If you want to add them in Primary, it would be best to wash the fruit in cold water first to get rid of the majority of surface crap, then cool the wort to 70-80C and use a hop-bag to dunk the cherries in for 2mins. Once this is done, put them in a sealed container while the wort no-chilled overnight and then dump the cherry bag in the fermenter and rack the wort in on top. However, adding the fruit to primary is believed to 'scrub' a lot of fruit flavour, so it is not recommended.
Putting the fruit into secondary is largely considered to be the better way to have best extraction of the fruit flavours. Before putting them into the fermenter, wash them in cold water then pasteurise at 80C for 1min, or use a Sodium Met. solution to sanitise.
Below is a quick list of do's and dont's of using fruit in a batch of beer-
- DON'T boil, you'll lose all your fruity goodness and risk leaching pectic acid into your wort, causing a haze in the final beer.
- DON'T pulp. Don't bother - This will just make it harder to rack your beer off the fruit. See "Freezing" below.
- DON'T use in primary, you'll ferment-out all your flavour and aroma.
- DO sanitise in water at 80C for 1min or 70C for 2mins. Use a hop-sock or muslin wrap to allow the hot-water to touch all the fruit. Using a zip-lock bag is mostly pointless.

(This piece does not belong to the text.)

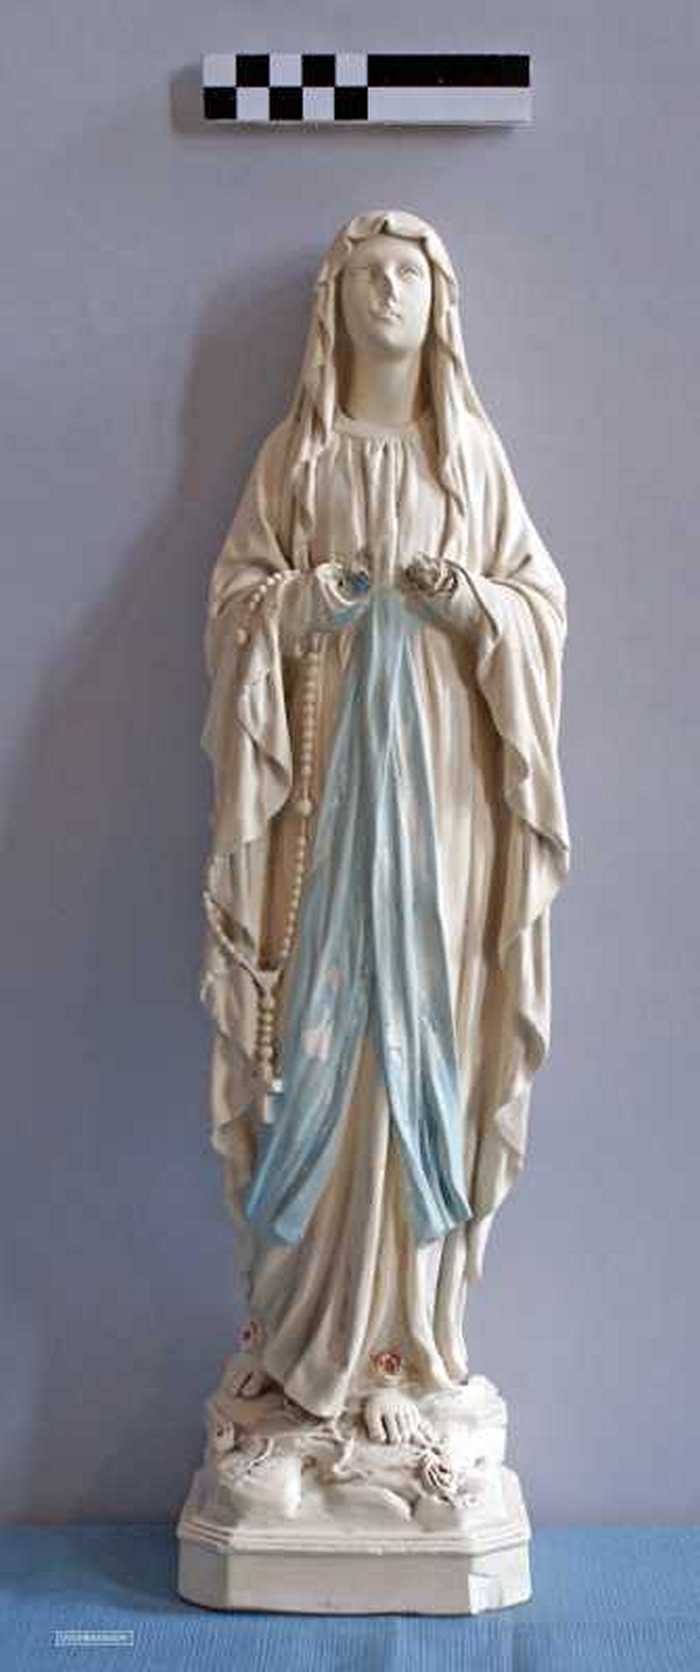 Onze-Lieve-Vrouw van Lourdes

- DO freeze your fruits for a few days or weeks before you use it. This will break-down the cell membranes and make the fruitiness easier to extract into your beer.
- DO use in secondary.
- DO use a sediment reducer in your fermenter, if only so your fruit bits don't clog your tap-hole.
If you're worried about pectic haze, you can use a pectic enzyme to break-down the acid. Should be available from your LHBS.
Don't bother with strawberries - you need a truck-load of them to make any impression on the beer. Or alternatively buy a large box of 'jamming' strawberries from a market.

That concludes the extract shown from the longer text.